Like many wide-ranging avian flu viruses, the H9N2 varies by locale. The virus you get in Bangladesh differs from the version you’ll find in China, or the Middle East. The Bangladeshi virus is a novel reassortant that has acquired some mammalian adaptations along the way, making this strain of particular interest to study.
Today we have a study that looks at the replication and transmission capacity of this H9N2 virus, that finds it can be carried by non-poultry avian (finches & parakeets) species, and while they rarely show signs of illness themselves, they can shed enough of the virus to spread it to poultry.
They also demonstrate the virus replicates well in human and swine tissues, confirming similar findings we looked at last year in PLoS Path: Genetics, Receptor Binding, and Transmissibility Of Avian H9N2.
The authors write that `Interspecies transmission of the Env/9306 strain remains a risk to mammals because of adaptation mutations’.
I’ve only excepted the Abstract and the closing remarks, so follow the link to read the study in its entirety.
Brian J. Lenny, Karthik Shanmuganatham, Stephanie Sonnberg, Mohammed M. Feeroz, S.M. Rabiul Alam, M. Kamrul Hasan, Lisa Jones-Engel, Pamela McKenzie, Scott Krauss, Robert G. Webster, and Jeremy C. Jones
Avian influenza A(H9N2) is an agricultural and public health threat. We characterized an H9N2 virus from a pet market in Bangladesh and demonstrated replication in samples from pet birds, swine tissues, human airway and ocular cells, and ferrets. Results implicated pet birds in the potential dissemination and zoonotic transmission of this virus.
Avian influenza A(H9N2) virus is endemic among poultry throughout Eurasia (1–3). In Bangladesh, subtype H9N2 viruses are unique reassortants, containing genes from highly pathogenic avian influenza A(H7N3) viruses. The H9N2 virus poses a substantial infection risk to poultry (2) and has infected pigs and humans (4,5).

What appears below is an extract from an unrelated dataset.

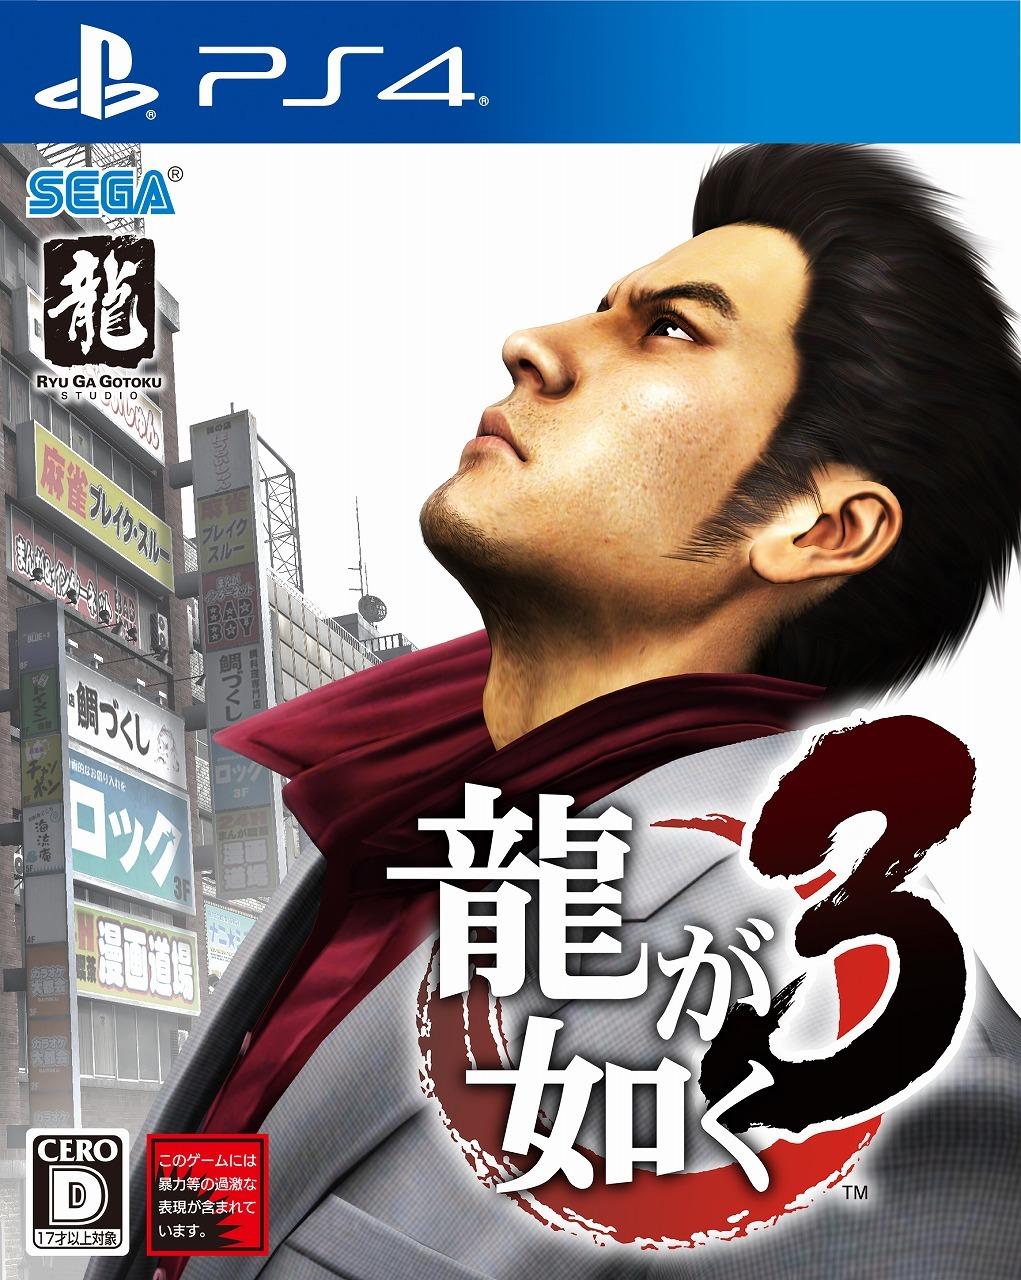 PS4版『龍が如く3』パッケージデザイン (C)SEGA

Its evolution is continually monitored by the World Health Organization (http://www.who.int/influenza/vaccines/virus/201502_zoonotic_vaccinevirusupdate.pdf?ua = 1).

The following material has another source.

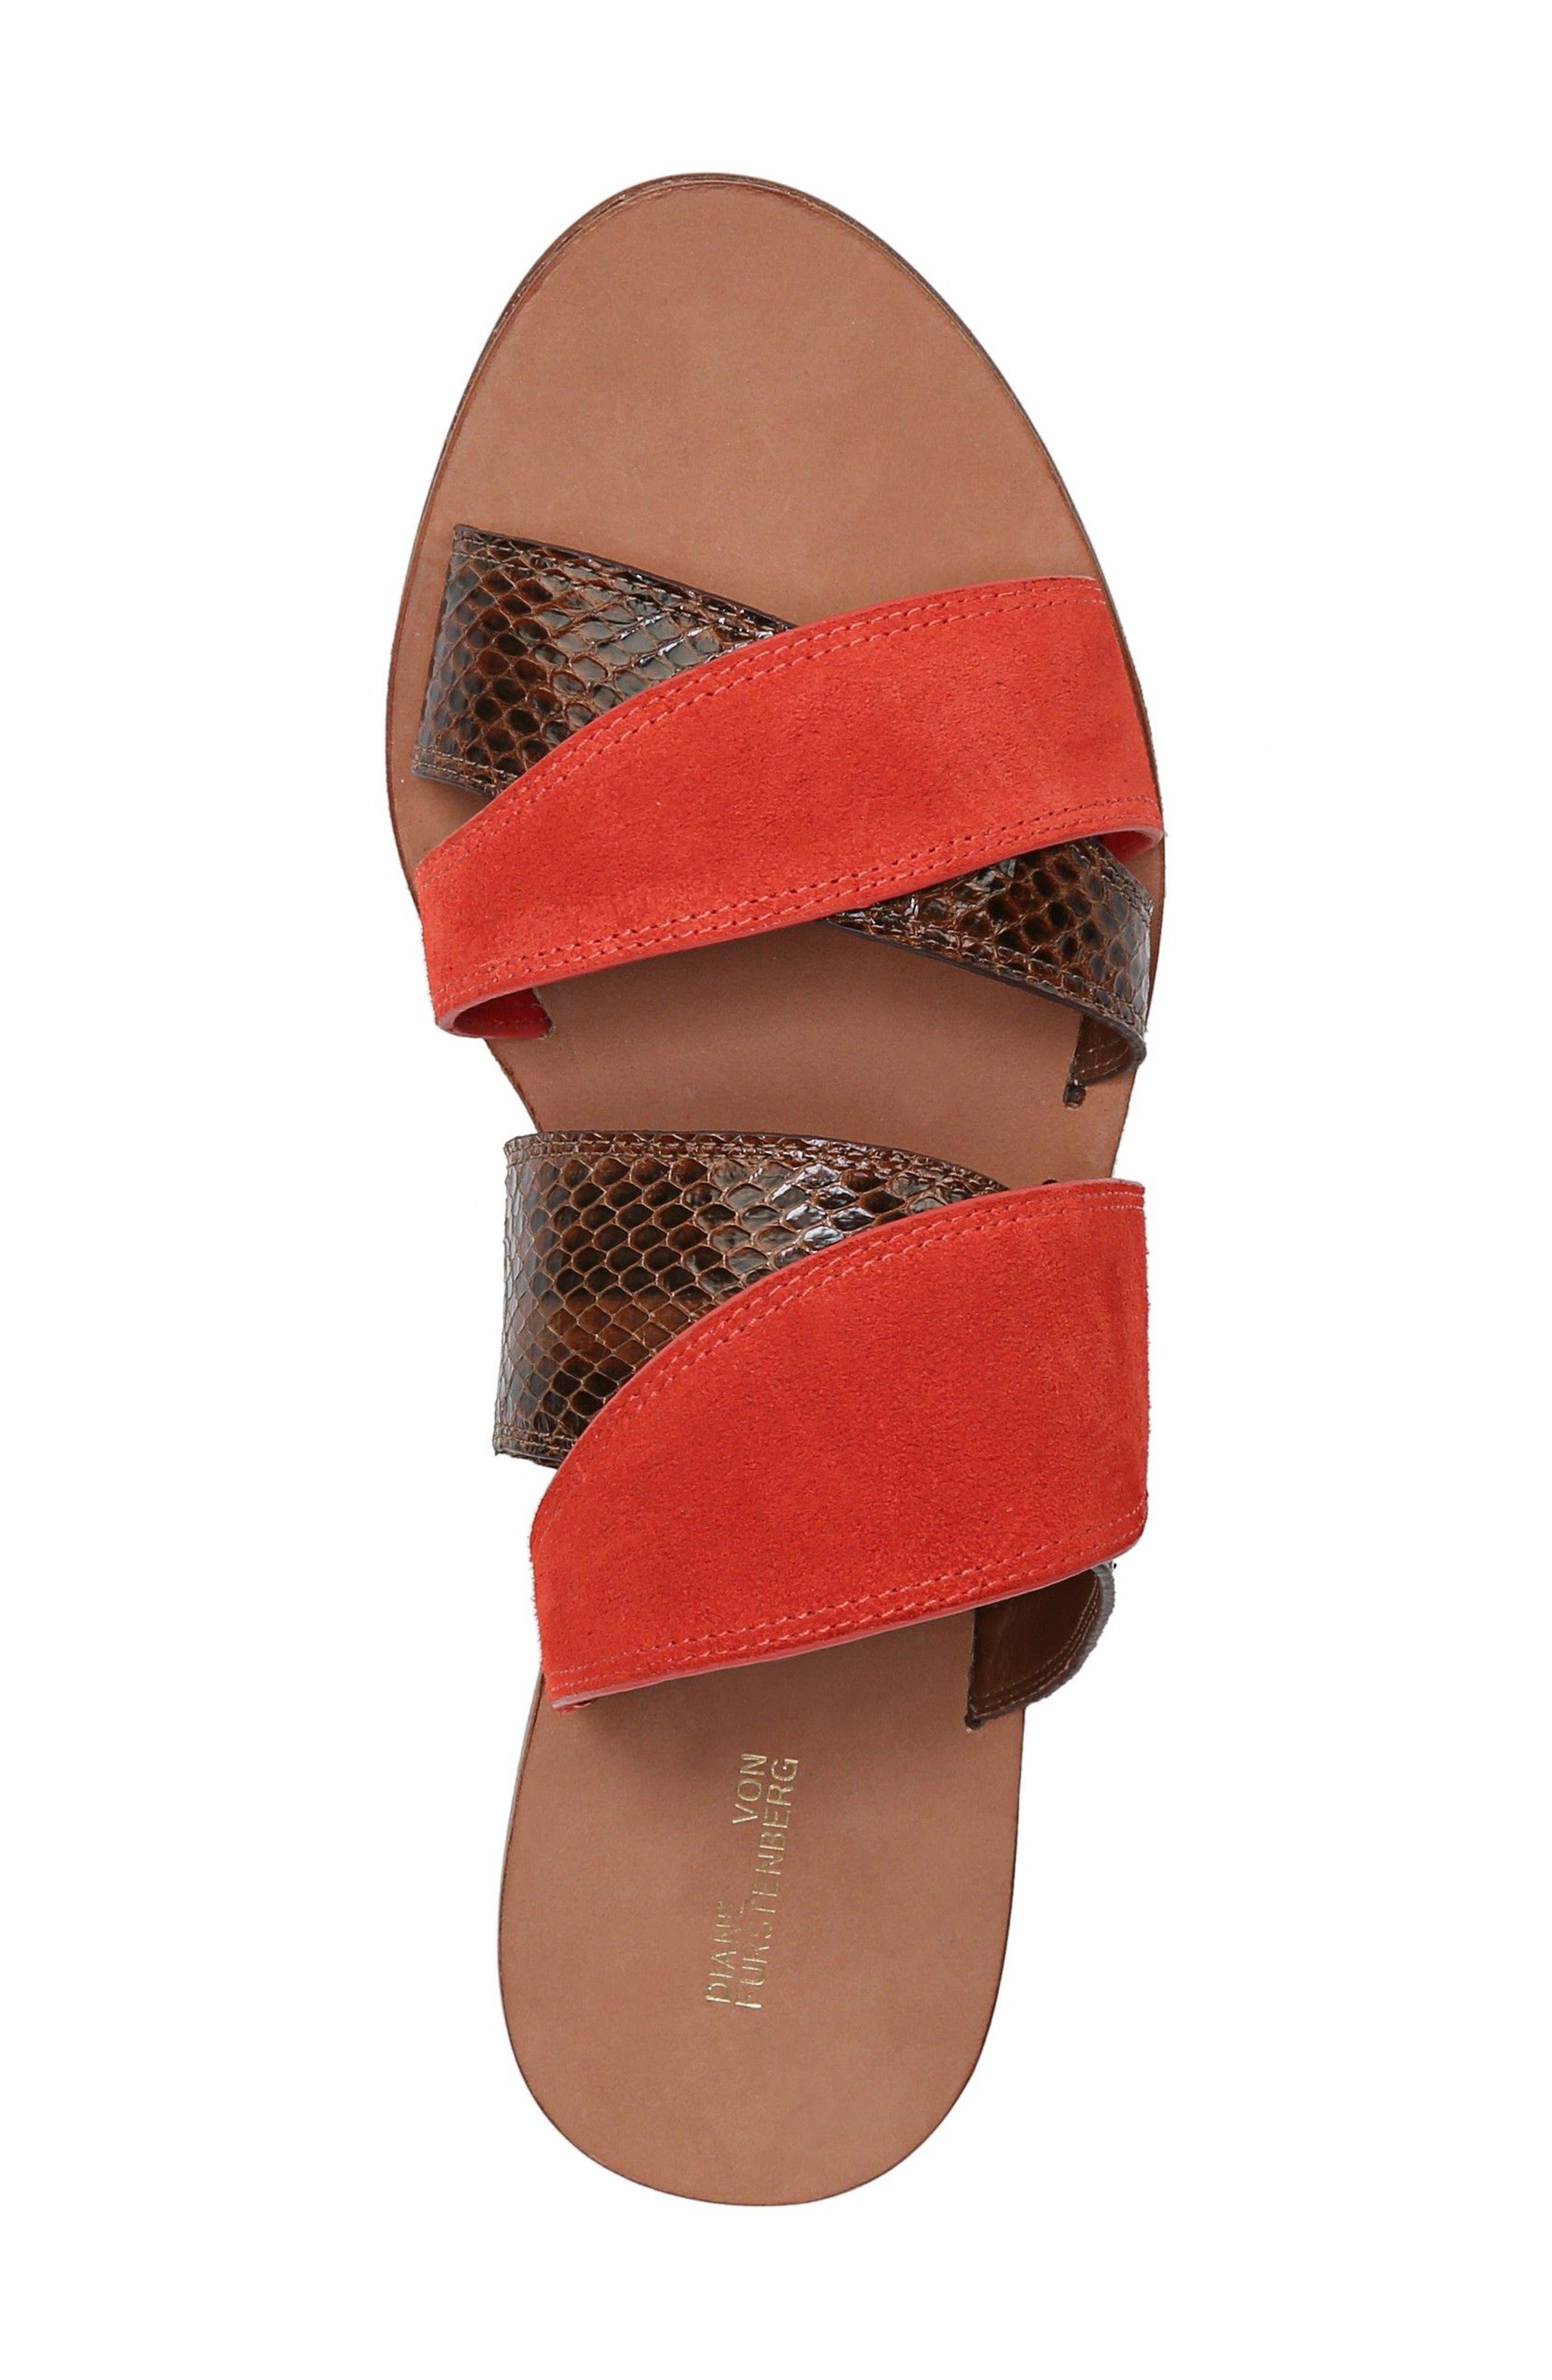 Blake Cross Strap Slide Sandal,                             Alternate thumbnail 5, color,                             Caramel/ Red

Ongoing influenza surveillance in Bangladesh found H9N2 virus primarily in poultry (5,6); we also surveyed a pet market that sold avian pets (parrots, finches, pigeons) and poultry (quail, turkey, chickens) and obtained isolates from nonpoultry terrestrial birds (6). This mixture of birds and mammals, some for which little associated influenza pathogenesis data exists, provided a unique opportunity to study the ecology, host range, and transmission potential of H9N2 virus.
Live bird markets are crucial to zoonotic spread of avian influenza viruses (AIVs) (12). However, our data suggest transmission potential in pet markets and vendor sites other than poultry markets; these sites may house birds infected with AIVs and should be included in future surveillance.
Our results may also inform surveillance sample collection. Oropharyngeal samples were collected from pet birds; collecting environmental swabs alone may yield lower isolation rates or fail to detect this virus.
H9N2 virus replication in pet birds also has implications for viral spread. Poultry are a major source of dissemination, but our data show domesticated or pet birds can harbor H9N2. Pet trading can extend across international borders and greatly expand the range of AIVs, as when H9N2 virus was repeatedly imported into Japan in infected parakeets (13).
Finally, the unique influenza varieties among pet birds may provide more opportunities for H9N2 virus to gain novel genetic elements; this subtype has had remarkable levels of reassortment activity with influenza A(H7N9) and highly pathogenic avian influenza A(H5N1) viruses (14,15).
H9N2 virus will remain a threat in the foreseeable future. Efforts are needed to identify its presence in poultry and nonpoultry avian species. Phenotypic properties of these viruses, including replication ex vivo and in vivo, are a valuable supplement to existing genotypic data and further inform the risk for spread within avian and human populations.